The histopathological findings of a lipoblastoma are characterized by lobular architecture and an admixture of mature adipocytes and lipoblasts in various stages of development (5, 9). The matrix can be myxoid. The histopathological differential diagnosis of a liposarcoma includes other tumours with adipocytic differentiation, such as atypical lipomatous tumours/well-differentiated liposarcomas, myxoid liposarcomas, and spindle cell lipomas. Because of the presence of lipoblasts, a lipoblastoma may have a strong resemblance to well-differentiated liposarcomas. Cases with myxoid changes may be extremely difficult to distinguish from myxoid liposarcomas. The recent innovation of the term lipofibromatosis also adds to the diagnostic difficulty. The degree of the fibroblastic component is generally greater in lipofibromatosis than in lipoblastoma (10). In immunohistochemical studies, the neoplastic cells are positive for vimentin and stain negatively for other markers, including cytokeratins, CD34, desmin and NKIC3 (10). These markers can be helpful in distinguishing lipoblastoma from the appendageal tumours and other mesenchymal tumours, such as spindle cell lipoma, angiomyofibroblastoma and lipofibromatosis (4, 10, 11). The immunohistochemical findings in the current study were consistent with a lipoblastoma.

Cytogenetic analysis of adipose tissue tumours including lipoblastoma has shown distinct chromosomal aberrations (5, 7, 12). Accordingly, it may be used for diagnostic confirmation. Most lipoblastomas present with rearrangements of the 8q12/PLAG1 region (5, 7). Some subsets of lipoblastomas show polysomy for chromosome 8 (5, 13). Although chromosomal studies might help in the differential diagnosis of adipocytic tumours, in this case the patient refused further evaluation.
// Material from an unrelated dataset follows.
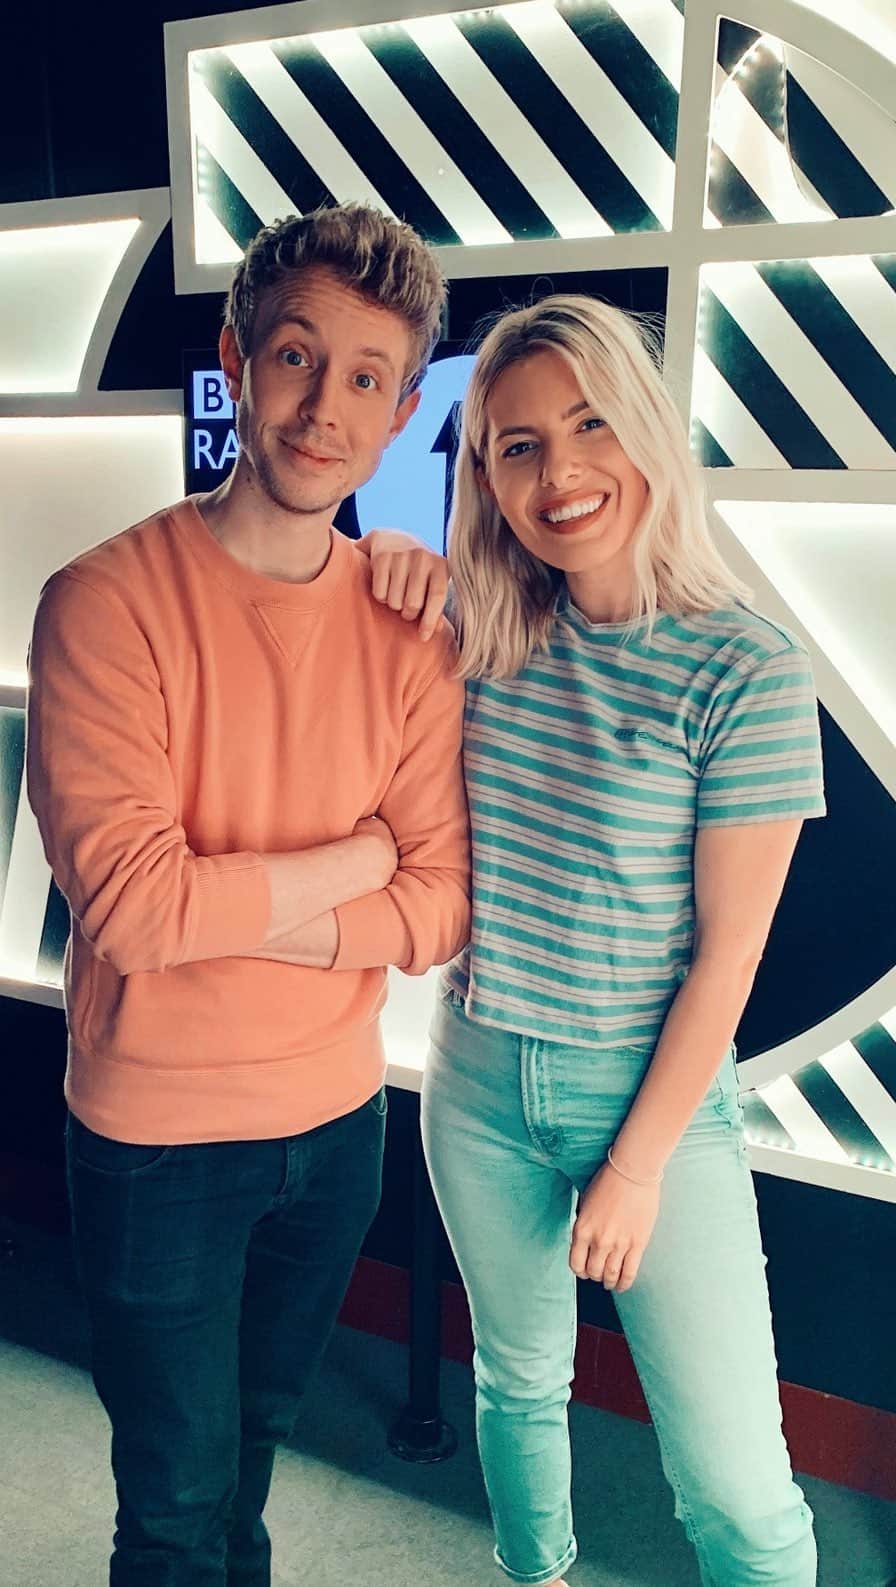 Mollie Kingのインスタグラム：「Today is the day…first day back on the Matt and Mollie show on @bbcradio1 🙌 I genuinely can’t wait to be back in the studio with my buddy @matthewedmondson and to have more laughs like this “fajitas gate”! As much as we love to thrash each other in Matt vs Mollie, I have to admit, I’ve really missed him! Feels like we’ve got so much to catch up on! I’m so excited to hear from all our lovely listeners too and what you’ve all been up to. So come and join us at 1pm and let’s have a good old catch up!」
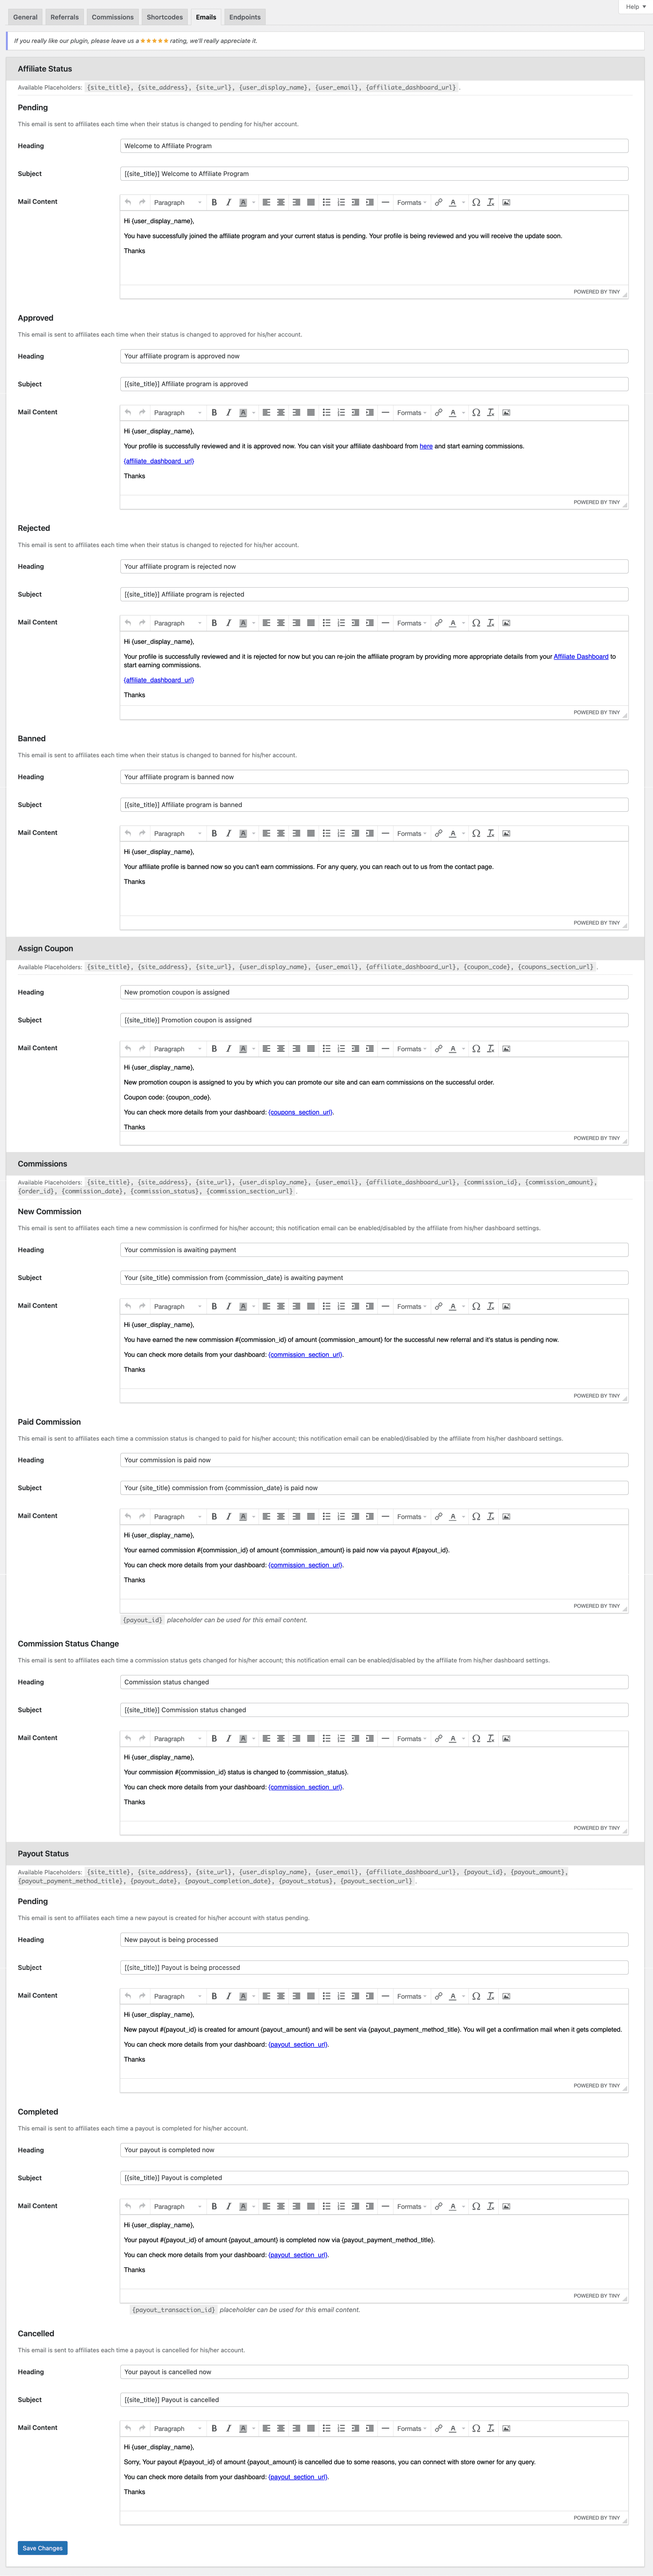 Emails Configuration Page

The neoplasm in the case reported here shared some histological features of a lipoblastoma: prominent lobulation, the admixture of peripheral immature lipoblasts with fat vacuoles of various sizes, central mature fat cells, and fibrous septae containing a rich capillary network. However, the clinical manifestations in this case did not suggest the diagnosis of lipoblastoma. To our knowledge, lesions occurring on the lip have not been reported. However, lipoblastomas of mucosal sites, such as the perianal area and vulva, have rarely been reported (1, 3, 4). In addition, lipoblastomas are neoplasms of infants and young children under 5 years of age. Very rare cases have been reported in patients ≥ 18 years of age (3–5, 7, 12).

The name “lipoblastoma-like tumour of the vulva” was first suggested by Lae et al. (4), who reported three cases with an adipose tissue tumour of the vulva affecting women of 13, 23 and 38 years of age. These tumours histopathologically resembled an infantile lipoblastoma. The tumour in our report is similar to this unique clinical entity referred to as a “lipoblastoma-like tumour” (4).